Recursion
module Tutorial.Folds.Recursion
import Data.List1
import Data.Maybe
import Data.Vect
import Debug.Trace
%default total
In this section, we are going to have a closer look at recursion in general and at tail recursion in particular.
Recursive functions are functions, which call themselves to repeat a task or calculation until a certain aborting condition (called the base case) holds.
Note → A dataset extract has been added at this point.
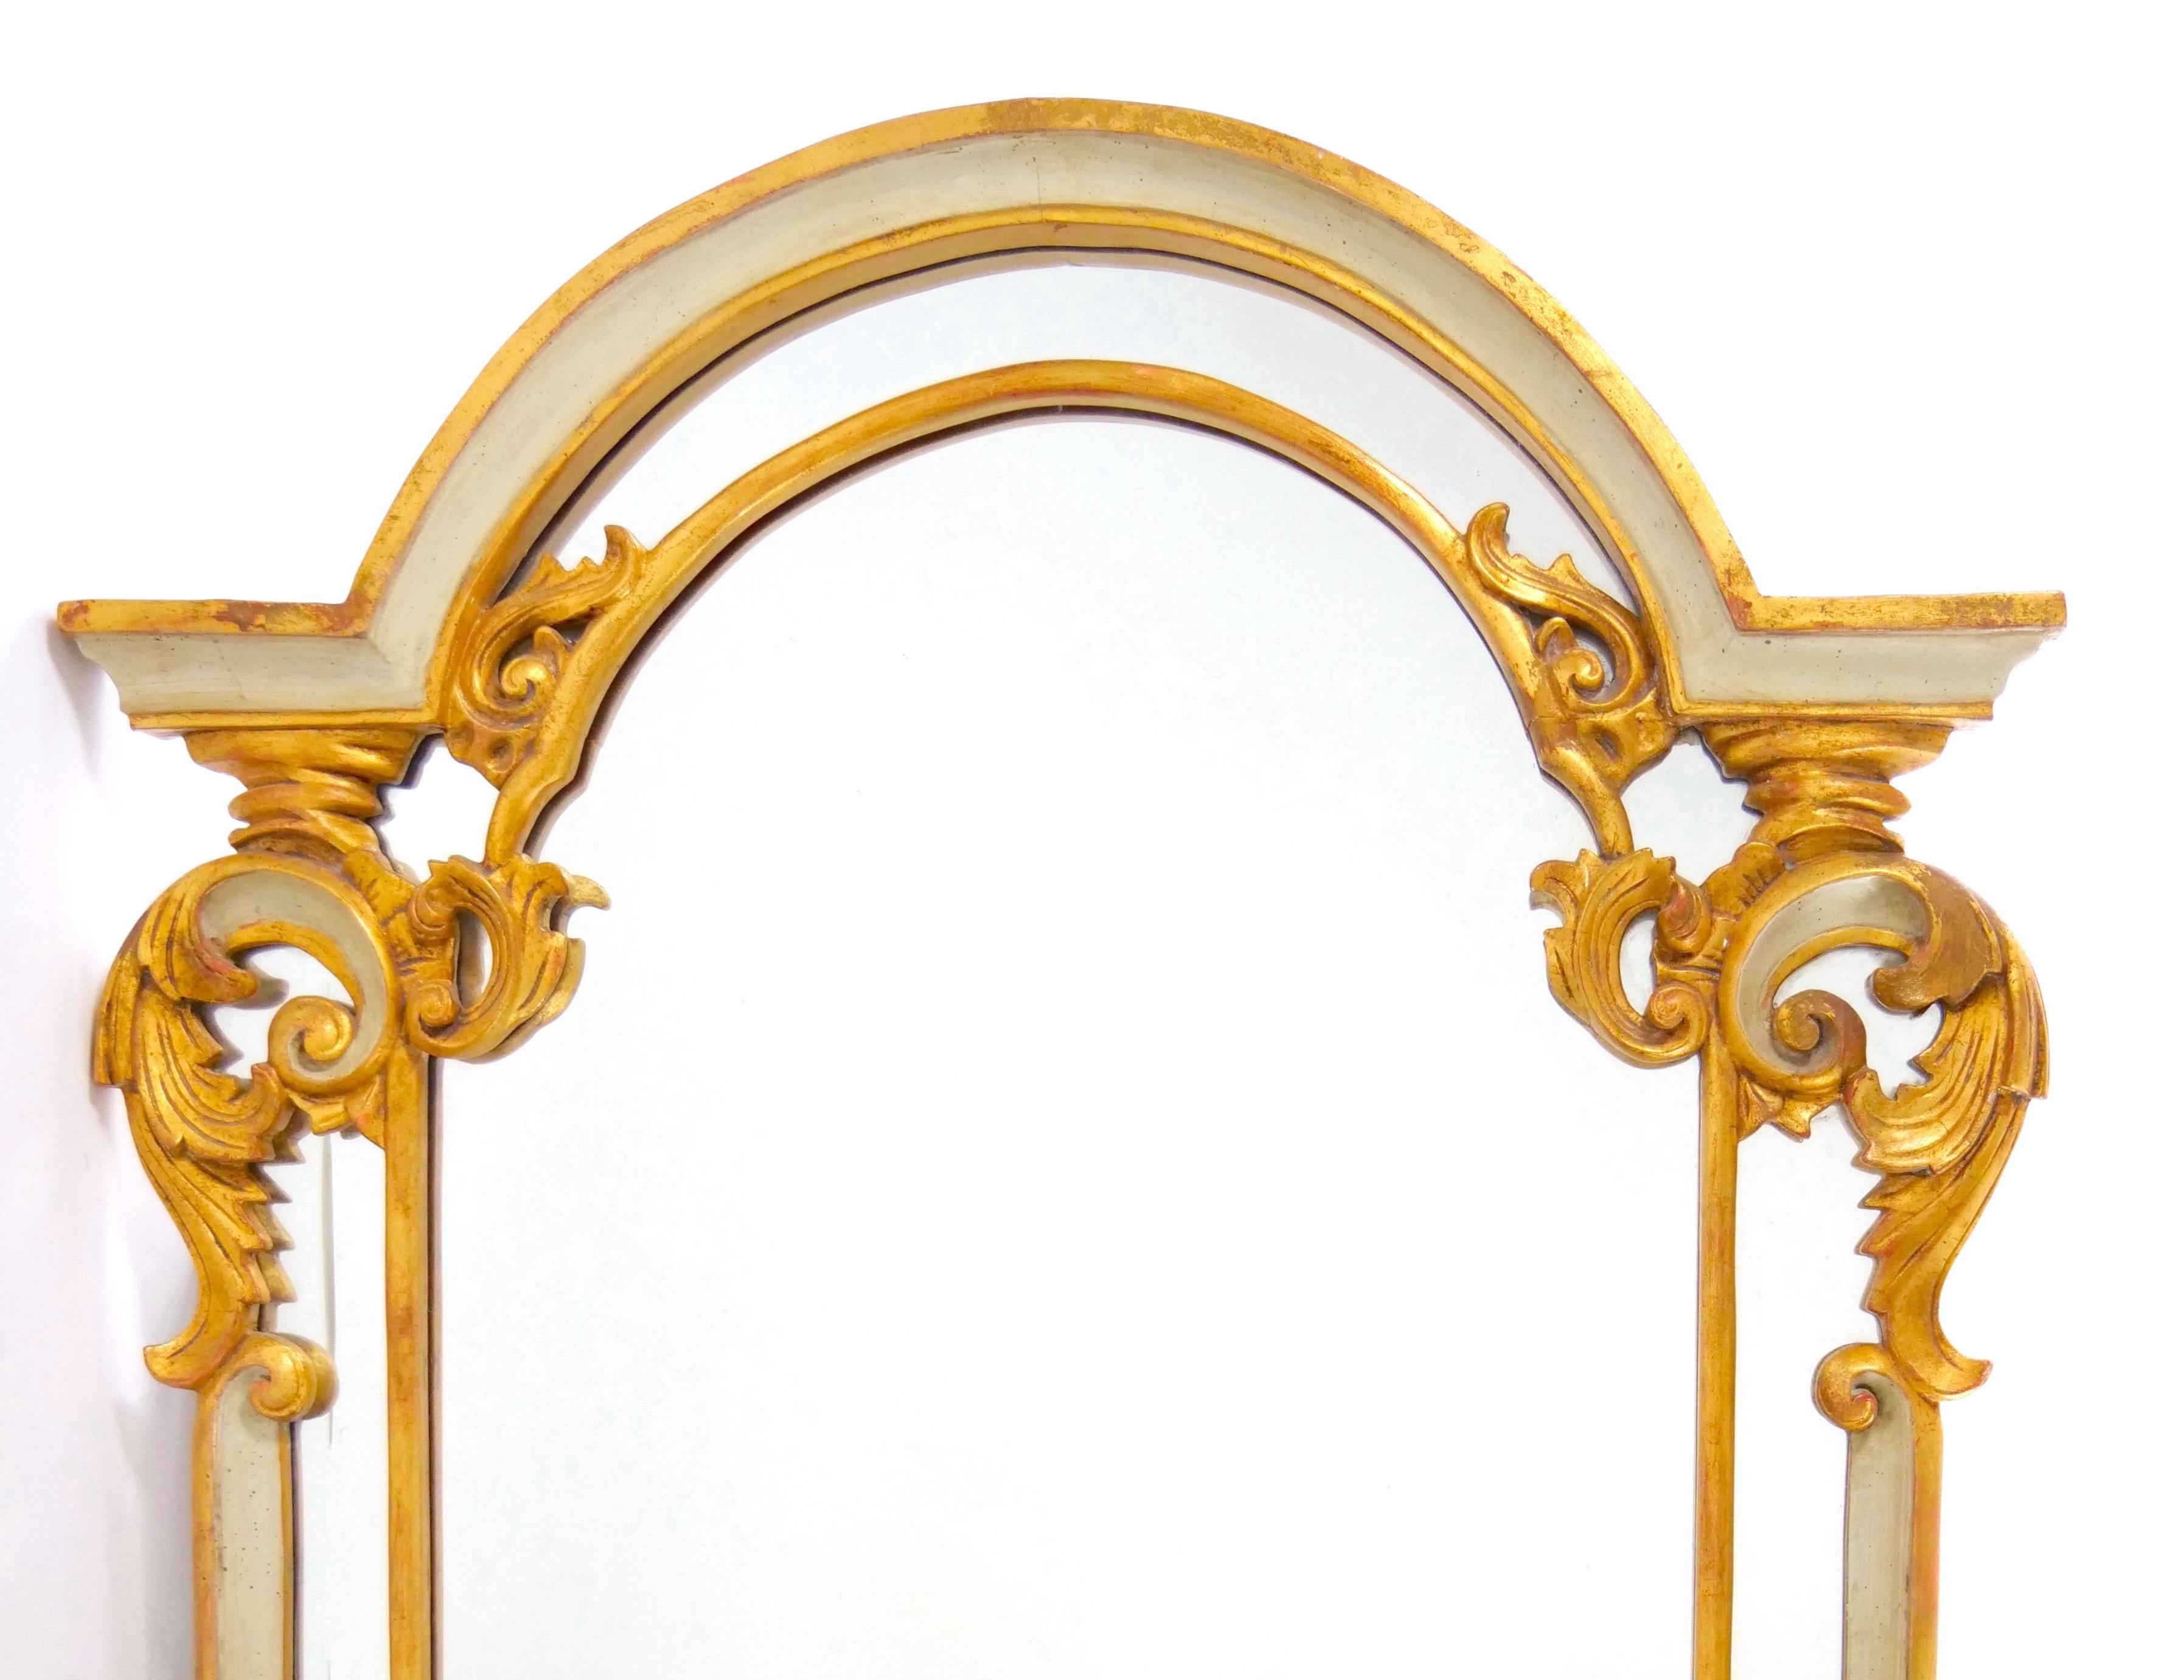 
Gönnen Sie sich die exquisite Schönheit unseres italienischen vergoldeten Holzes aus der Mitte des 20. Jahrhunderts mit handbemaltem Rahmen und hängendem, abgeschrägtem Wandspiegel. Dieses bemerkenswerte Stück fängt die Essenz zeitloser Eleganz und

Please note, that it is recursive functions, which make it hard to verify totality: Non-recursive functions, which are covering (they cover all possible cases in their pattern matches) are automatically total if they only invoke other total functions.
Here is an example of a recursive function: It generates a list of the given length filling it with identical values:
replicateList : Nat -> a -> List a
replicateList 0 _ = []
replicateList (S k) x = x :: replicateList k x
As you can see (this module has the %default total
pragma at the top), this function is provably total. Idris verifies, that the Nat
argument gets strictly smaller in each recursive call, and that therefore, the function must eventually come to an end. Of course, we can do the same thing for Vect
, where we can even show that the length of the resulting vector matches the given natural number:
replicateVect : (n : Nat) -> a -> Vect n a
replicateVect 0 _ = []
replicateVect (S k) x = x :: replicateVect k x
While we often use recursion to create values of data types like List
or Vect
, we also use recursion, when we consume such values. For instance, here is a function for calculating the length of a list:
len : List a -> Nat
len [] = 0
len (_ :: xs) = 1 + len xs
Again, Idris can verify that len
is total, as the list we pass in the recursive case is strictly smaller than the original list argument.
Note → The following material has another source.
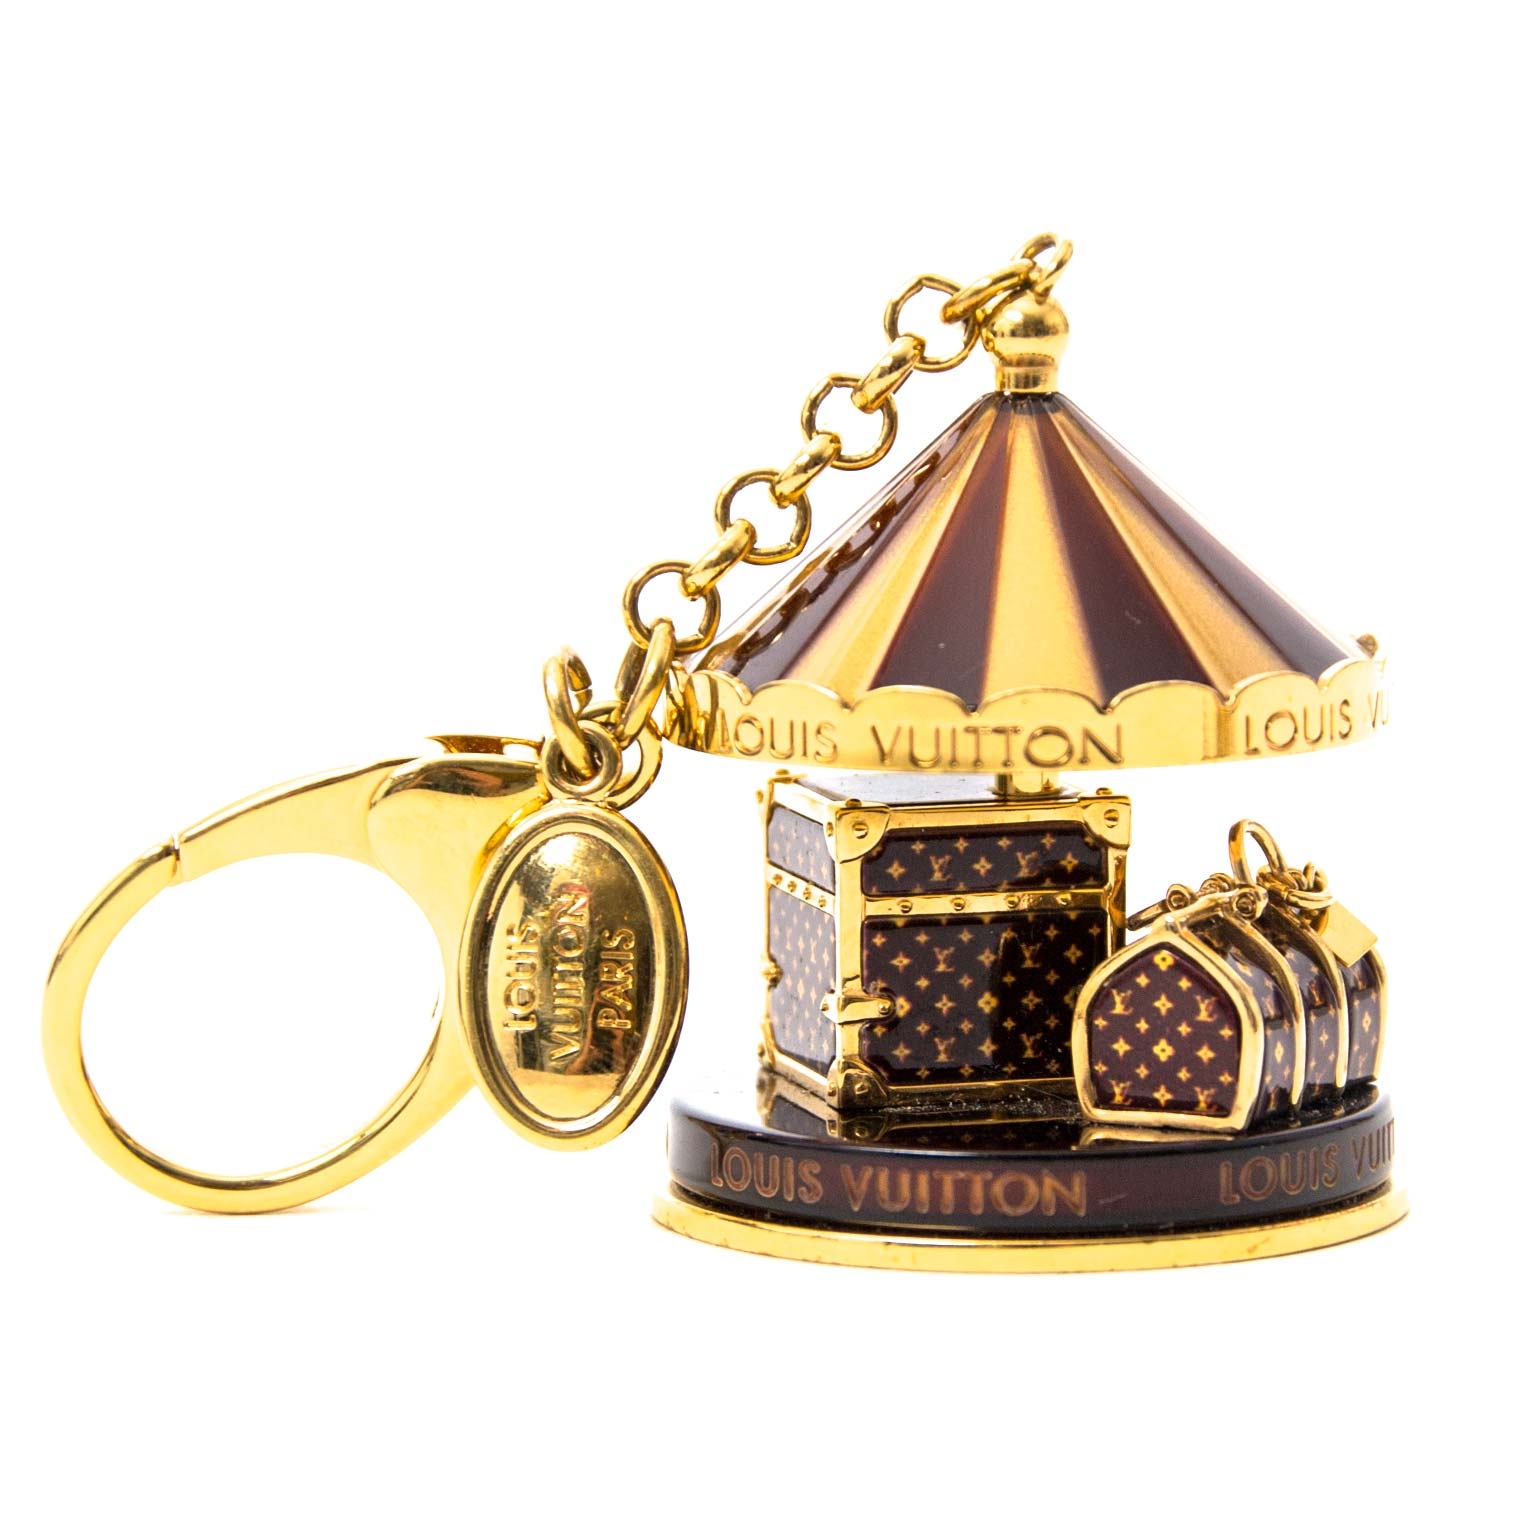 Cadenas bag charm Louis Vuitton Gold in Metal - 19131935

But when is a recursive function non-total? Here is an example: The following function creates a sequence of values until the given generation function (gen
) returns a Nothing
. Note, how we use a state value (of generic type s
) and use gen
to calculate a value together with the next state:
covering
unfold : (gen : s -> Maybe (s,a)) -> s -> List a
unfold gen vs = case gen vs of
Just (vs',va) => va :: unfold gen vs'
Nothing => []
With unfold
, Idris can't verify that any of its arguments is converging towards the base case. It therefore rightfully refuses to accept that unfold
is total. And indeed, the following function produces an infinite list (so please, don't try to inspect this at the REPL, as doing so will consume all your computer's memory):
fiboHelper : (Nat,Nat) -> ((Nat,Nat),Nat)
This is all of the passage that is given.